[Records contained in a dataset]
====
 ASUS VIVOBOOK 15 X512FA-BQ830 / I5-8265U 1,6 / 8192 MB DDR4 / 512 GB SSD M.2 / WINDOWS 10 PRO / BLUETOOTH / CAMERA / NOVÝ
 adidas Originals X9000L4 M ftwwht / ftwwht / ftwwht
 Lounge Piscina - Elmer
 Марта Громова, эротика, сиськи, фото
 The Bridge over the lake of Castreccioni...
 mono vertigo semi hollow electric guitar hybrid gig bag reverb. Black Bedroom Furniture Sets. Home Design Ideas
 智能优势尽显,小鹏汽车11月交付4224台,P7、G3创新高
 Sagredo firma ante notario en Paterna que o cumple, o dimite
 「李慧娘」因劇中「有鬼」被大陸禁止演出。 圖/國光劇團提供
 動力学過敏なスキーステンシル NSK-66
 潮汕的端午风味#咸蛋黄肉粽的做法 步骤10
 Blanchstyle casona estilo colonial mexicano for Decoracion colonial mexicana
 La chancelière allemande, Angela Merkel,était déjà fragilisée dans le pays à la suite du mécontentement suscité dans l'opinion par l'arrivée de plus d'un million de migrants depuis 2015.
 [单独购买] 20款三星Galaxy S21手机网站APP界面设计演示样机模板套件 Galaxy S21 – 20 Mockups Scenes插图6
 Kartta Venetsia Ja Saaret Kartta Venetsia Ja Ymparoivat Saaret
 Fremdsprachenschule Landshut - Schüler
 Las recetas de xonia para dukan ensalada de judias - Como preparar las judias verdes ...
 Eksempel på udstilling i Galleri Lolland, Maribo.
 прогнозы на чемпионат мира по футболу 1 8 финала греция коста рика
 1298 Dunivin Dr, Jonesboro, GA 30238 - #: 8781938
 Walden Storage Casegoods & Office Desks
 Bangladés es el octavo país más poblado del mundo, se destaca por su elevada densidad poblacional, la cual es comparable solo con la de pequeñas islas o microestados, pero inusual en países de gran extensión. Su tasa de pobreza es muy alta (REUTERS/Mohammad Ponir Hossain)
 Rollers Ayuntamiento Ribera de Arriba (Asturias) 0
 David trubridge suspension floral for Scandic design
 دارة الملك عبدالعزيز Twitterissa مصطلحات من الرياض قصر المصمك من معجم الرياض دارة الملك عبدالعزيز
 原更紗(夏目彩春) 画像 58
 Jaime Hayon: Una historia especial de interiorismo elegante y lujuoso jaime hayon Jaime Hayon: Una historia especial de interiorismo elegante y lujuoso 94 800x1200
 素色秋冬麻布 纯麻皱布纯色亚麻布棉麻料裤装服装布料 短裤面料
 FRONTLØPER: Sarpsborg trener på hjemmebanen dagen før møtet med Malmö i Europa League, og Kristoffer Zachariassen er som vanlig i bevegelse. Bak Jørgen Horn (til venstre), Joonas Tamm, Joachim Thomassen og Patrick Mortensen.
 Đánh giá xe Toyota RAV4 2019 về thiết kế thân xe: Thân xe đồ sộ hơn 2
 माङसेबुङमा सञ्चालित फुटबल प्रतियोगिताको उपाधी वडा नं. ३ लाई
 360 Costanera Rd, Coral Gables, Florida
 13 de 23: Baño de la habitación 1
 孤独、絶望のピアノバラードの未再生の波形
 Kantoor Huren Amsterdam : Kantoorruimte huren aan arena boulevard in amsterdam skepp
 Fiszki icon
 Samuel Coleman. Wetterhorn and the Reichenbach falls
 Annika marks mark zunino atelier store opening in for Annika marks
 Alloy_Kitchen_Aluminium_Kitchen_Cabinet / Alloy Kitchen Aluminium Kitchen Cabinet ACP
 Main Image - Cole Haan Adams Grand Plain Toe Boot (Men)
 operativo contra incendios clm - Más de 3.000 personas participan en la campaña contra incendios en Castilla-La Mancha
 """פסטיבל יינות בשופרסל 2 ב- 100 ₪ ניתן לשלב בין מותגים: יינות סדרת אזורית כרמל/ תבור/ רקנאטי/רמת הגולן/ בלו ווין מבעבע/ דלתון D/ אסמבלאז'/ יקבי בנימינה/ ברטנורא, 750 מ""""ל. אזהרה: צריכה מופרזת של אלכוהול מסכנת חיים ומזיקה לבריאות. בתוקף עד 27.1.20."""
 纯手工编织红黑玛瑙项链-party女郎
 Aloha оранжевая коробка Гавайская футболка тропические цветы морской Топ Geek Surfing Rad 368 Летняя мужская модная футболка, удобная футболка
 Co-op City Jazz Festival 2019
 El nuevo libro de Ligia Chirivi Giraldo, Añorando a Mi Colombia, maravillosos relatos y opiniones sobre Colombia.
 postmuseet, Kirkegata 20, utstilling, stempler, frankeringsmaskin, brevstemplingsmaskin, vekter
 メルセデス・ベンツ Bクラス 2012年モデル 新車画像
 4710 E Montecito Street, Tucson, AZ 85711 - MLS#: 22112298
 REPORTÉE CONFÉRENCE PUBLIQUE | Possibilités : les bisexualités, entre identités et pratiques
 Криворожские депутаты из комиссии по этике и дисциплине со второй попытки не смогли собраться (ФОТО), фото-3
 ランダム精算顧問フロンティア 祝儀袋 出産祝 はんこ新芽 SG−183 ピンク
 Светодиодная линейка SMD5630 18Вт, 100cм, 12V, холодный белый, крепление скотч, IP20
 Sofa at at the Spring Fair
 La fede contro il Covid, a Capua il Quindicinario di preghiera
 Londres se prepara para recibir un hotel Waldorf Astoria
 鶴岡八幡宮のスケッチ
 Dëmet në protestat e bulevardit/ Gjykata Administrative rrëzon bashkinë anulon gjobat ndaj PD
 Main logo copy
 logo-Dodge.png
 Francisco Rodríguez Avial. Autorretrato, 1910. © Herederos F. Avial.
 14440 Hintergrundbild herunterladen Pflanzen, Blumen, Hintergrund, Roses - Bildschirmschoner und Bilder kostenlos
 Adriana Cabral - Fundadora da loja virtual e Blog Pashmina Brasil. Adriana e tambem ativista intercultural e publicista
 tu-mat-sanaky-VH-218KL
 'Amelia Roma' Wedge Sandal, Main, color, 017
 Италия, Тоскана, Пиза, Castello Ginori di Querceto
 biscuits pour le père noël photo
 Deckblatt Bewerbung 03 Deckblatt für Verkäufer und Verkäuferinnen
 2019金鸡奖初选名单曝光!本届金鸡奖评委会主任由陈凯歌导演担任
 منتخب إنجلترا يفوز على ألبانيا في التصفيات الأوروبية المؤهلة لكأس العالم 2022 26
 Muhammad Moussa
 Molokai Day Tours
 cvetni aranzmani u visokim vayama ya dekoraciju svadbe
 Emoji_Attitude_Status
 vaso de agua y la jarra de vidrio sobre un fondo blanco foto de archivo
====
§ **How to complete this task**: After reading the data, retype all of it exactly as it reads.

§ **Answer box**:
 ASUS VIVOBOOK 15 X512FA-BQ830 / I5-8265U 1,6 / 8192 MB DDR4 / 512 GB SSD M.2 / WINDOWS 10 PRO / BLUETOOTH / CAMERA / NOVÝ
 adidas Originals X9000L4 M ftwwht / ftwwht / ftwwht
 Lounge Piscina - Elmer
 Марта Громова, эротика, сиськи, фото
 The Bridge over the lake of Castreccioni...
 mono vertigo semi hollow electric guitar hybrid gig bag reverb. Black Bedroom Furniture Sets. Home Design Ideas
 智能优势尽显,小鹏汽车11月交付4224台,P7、G3创新高
 Sagredo firma ante notario en Paterna que o cumple, o dimite
 「李慧娘」因劇中「有鬼」被大陸禁止演出。 圖/國光劇團提供
 動力学過敏なスキーステンシル NSK-66
 潮汕的端午风味#咸蛋黄肉粽的做法 步骤10
 Blanchstyle casona estilo colonial mexicano for Decoracion colonial mexicana
 La chancelière allemande, Angela Merkel,était déjà fragilisée dans le pays à la suite du mécontentement suscité dans l'opinion par l'arrivée de plus d'un million de migrants depuis 2015.
 [单独购买] 20款三星Galaxy S21手机网站APP界面设计演示样机模板套件 Galaxy S21 – 20 Mockups Scenes插图6
 Kartta Venetsia Ja Saaret Kartta Venetsia Ja Ymparoivat Saaret
 Fremdsprachenschule Landshut - Schüler
 Las recetas de xonia para dukan ensalada de judias - Como preparar las judias verdes ...
 Eksempel på udstilling i Galleri Lolland, Maribo.
 прогнозы на чемпионат мира по футболу 1 8 финала греция коста рика
 1298 Dunivin Dr, Jonesboro, GA 30238 - #: 8781938
 Walden Storage Casegoods & Office Desks
 Bangladés es el octavo país más poblado del mundo, se destaca por su elevada densidad poblacional, la cual es comparable solo con la de pequeñas islas o microestados, pero inusual en países de gran extensión. Su tasa de pobreza es muy alta (REUTERS/Mohammad Ponir Hossain)
 Rollers Ayuntamiento Ribera de Arriba (Asturias) 0
 David trubridge suspension floral for Scandic design
 دارة الملك عبدالعزيز Twitterissa مصطلحات من الرياض قصر المصمك من معجم الرياض دارة الملك عبدالعزيز
 原更紗(夏目彩春) 画像 58
 Jaime Hayon: Una historia especial de interiorismo elegante y lujuoso jaime hayon Jaime Hayon: Una historia especial de interiorismo elegante y lujuoso 94 800x1200
 素色秋冬麻布 纯麻皱布纯色亚麻布棉麻料裤装服装布料 短裤面料
 FRONTLØPER: Sarpsborg trener på hjemmebanen dagen før møtet med Malmö i Europa League, og Kristoffer Zachariassen er som vanlig i bevegelse. Bak Jørgen Horn (til venstre), Joonas Tamm, Joachim Thomassen og Patrick Mortensen.
 Đánh giá xe Toyota RAV4 2019 về thiết kế thân xe: Thân xe đồ sộ hơn 2
 माङसेबुङमा सञ्चालित फुटबल प्रतियोगिताको उपाधी वडा नं. ३ लाई
 360 Costanera Rd, Coral Gables, Florida
 13 de 23: Baño de la habitación 1
 孤独、絶望のピアノバラードの未再生の波形
 Kantoor Huren Amsterdam : Kantoorruimte huren aan arena boulevard in amsterdam skepp
 Fiszki icon
 Samuel Coleman. Wetterhorn and the Reichenbach falls
 Annika marks mark zunino atelier store opening in for Annika marks
 Alloy_Kitchen_Aluminium_Kitchen_Cabinet / Alloy Kitchen Aluminium Kitchen Cabinet ACP
 Main Image - Cole Haan Adams Grand Plain Toe Boot (Men)
 operativo contra incendios clm - Más de 3.000 personas participan en la campaña contra incendios en Castilla-La Mancha
 """פסטיבל יינות בשופרסל 2 ב- 100 ₪ ניתן לשלב בין מותגים: יינות סדרת אזורית כרמל/ תבור/ רקנאטי/רמת הגולן/ בלו ווין מבעבע/ דלתון D/ אסמבלאז'/ יקבי בנימינה/ ברטנורא, 750 מ""""ל. אזהרה: צריכה מופרזת של אלכוהול מסכנת חיים ומזיקה לבריאות. בתוקף עד 27.1.20."""
 纯手工编织红黑玛瑙项链-party女郎
 Aloha оранжевая коробка Гавайская футболка тропические цветы морской Топ Geek Surfing Rad 368 Летняя мужская модная футболка, удобная футболка
 Co-op City Jazz Festival 2019
 El nuevo libro de Ligia Chirivi Giraldo, Añorando a Mi Colombia, maravillosos relatos y opiniones sobre Colombia.
 postmuseet, Kirkegata 20, utstilling, stempler, frankeringsmaskin, brevstemplingsmaskin, vekter
 メルセデス・ベンツ Bクラス 2012年モデル 新車画像
 4710 E Montecito Street, Tucson, AZ 85711 - MLS#: 22112298
 REPORTÉE CONFÉRENCE PUBLIQUE | Possibilités : les bisexualités, entre identités et pratiques
 Криворожские депутаты из комиссии по этике и дисциплине со второй попытки не смогли собраться (ФОТО), фото-3
 ランダム精算顧問フロンティア 祝儀袋 出産祝 はんこ新芽 SG−183 ピンク
 Светодиодная линейка SMD5630 18Вт, 100cм, 12V, холодный белый, крепление скотч, IP20
 Sofa at at the Spring Fair
 La fede contro il Covid, a Capua il Quindicinario di preghiera
 Londres se prepara para recibir un hotel Waldorf Astoria
 鶴岡八幡宮のスケッチ
 Dëmet në protestat e bulevardit/ Gjykata Administrative rrëzon bashkinë anulon gjobat ndaj PD
 Main logo copy
 logo-Dodge.png
 Francisco Rodríguez Avial. Autorretrato, 1910. © Herederos F. Avial.
 14440 Hintergrundbild herunterladen Pflanzen, Blumen, Hintergrund, Roses - Bildschirmschoner und Bilder kostenlos
 Adriana Cabral - Fundadora da loja virtual e Blog Pashmina Brasil. Adriana e tambem ativista intercultural e publicista
 tu-mat-sanaky-VH-218KL
 'Amelia Roma' Wedge Sandal, Main, color, 017
 Италия, Тоскана, Пиза, Castello Ginori di Querceto
 biscuits pour le père noël photo
 Deckblatt Bewerbung 03 Deckblatt für Verkäufer und Verkäuferinnen
 2019金鸡奖初选名单曝光!本届金鸡奖评委会主任由陈凯歌导演担任
 منتخب إنجلترا يفوز على ألبانيا في التصفيات الأوروبية المؤهلة لكأس العالم 2022 26
 Muhammad Moussa
 Molokai Day Tours
 cvetni aranzmani u visokim vayama ya dekoraciju svadbe
 Emoji_Attitude_Status
 vaso de agua y la jarra de vidrio sobre un fondo blanco foto de archivo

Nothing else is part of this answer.